Exercise: design a function to verify user logon. return True or False based on the user's entered password:

db = {  'michael': 'e10adc3949ba59abbe56e057f20f883e',  'bob': '878ef96e86145580c38c87f0410ad153',  'alice': '99b1c2188db85afee403b1536010c2c9'}def login(user, password):  pass

Is it safe to use the MD5 storage password? Not necessarily. Assume that you are a hacker and have obtained the database that stores the MD5 password. how can I use MD5 to reverse the user's plaintext password? Brute-force cracking is laborious, and real hackers will not.

Considering this situation, many users prefer simple passwords such as 123456,888888 and password. Therefore, hackers can calculate the MD5 values of these frequently used passwords in advance to obtain a reverse table:

'e10adc3949ba59abbe56e057f20f883e': '123456''21218cca77804d2ba1922c33e0151105': '888888''5f4dcc3b5aa765d61d8327deb882cf99': 'password'

In this way, you do not need to crack the password. Instead, you only need to compare the MD5 of the database, and the hacker will obtain the user account using the common password.

Do not use a simple password. However, can we enhance protection for simple passwords in programming?
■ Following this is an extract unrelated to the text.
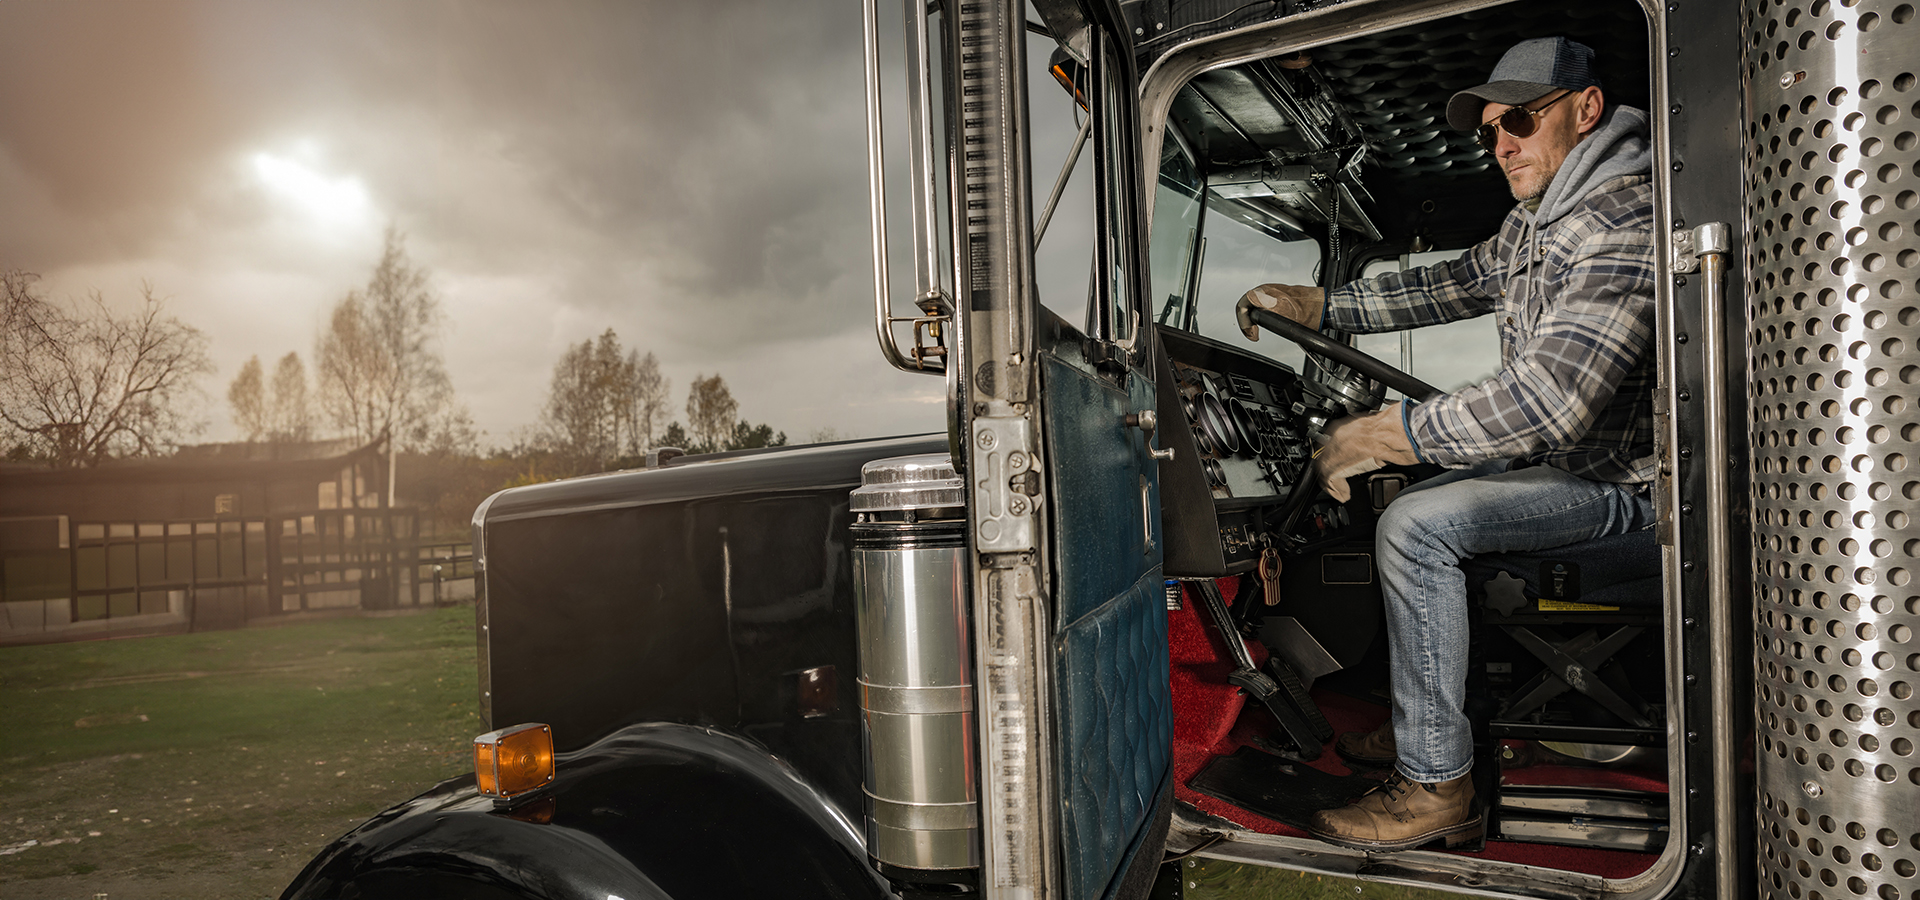 Caucasian Trucker in His 40s Inside American Semi Truck Tractor. Ground Cargo Theme.

Because the MD5 values of common passwords are easily calculated, make sure that the stored user passwords are not the MD5 values of common passwords that have been calculated, this method is implemented by adding a complex string to the original password, commonly known as "adding salt ":

def calc_md5(password):  return get_md5(password + 'the-Salt')

The MD5 password processed by Salt is hard to reverse-push the plaintext password through MD5 even if the user enters a simple password as long as it is not known by hackers.

However, if two users use the same simple password, such as 123456, two identical MD5 values will be stored in the database, which indicates that the passwords of the two users are the same. Is there a way for users with the same password to store different MD5 numbers?

If you cannot modify the login name, you can calculate the MD5 value by using the login name as a part of the Salt, so that users with the same password can also store different MD5 values.

Exercise: simulate user registration based on the user's login name and password to calculate a safer MD5:

db = {}def register(username, password):  db[username] = get_md5(password + username + 'the-Salt')

Then, verify the user logon based on the modified MD5 algorithm:

def login(username, password):  pass

Summary

Abstract algorithms are widely used in many places. Note that the digest algorithm is not an encryption algorithm and cannot be used for encryption (because digest reverse plain text cannot be used). It can only be used to prevent tampering, however, its one-way computing feature determines that the user password can be verified without storing the plaintext password.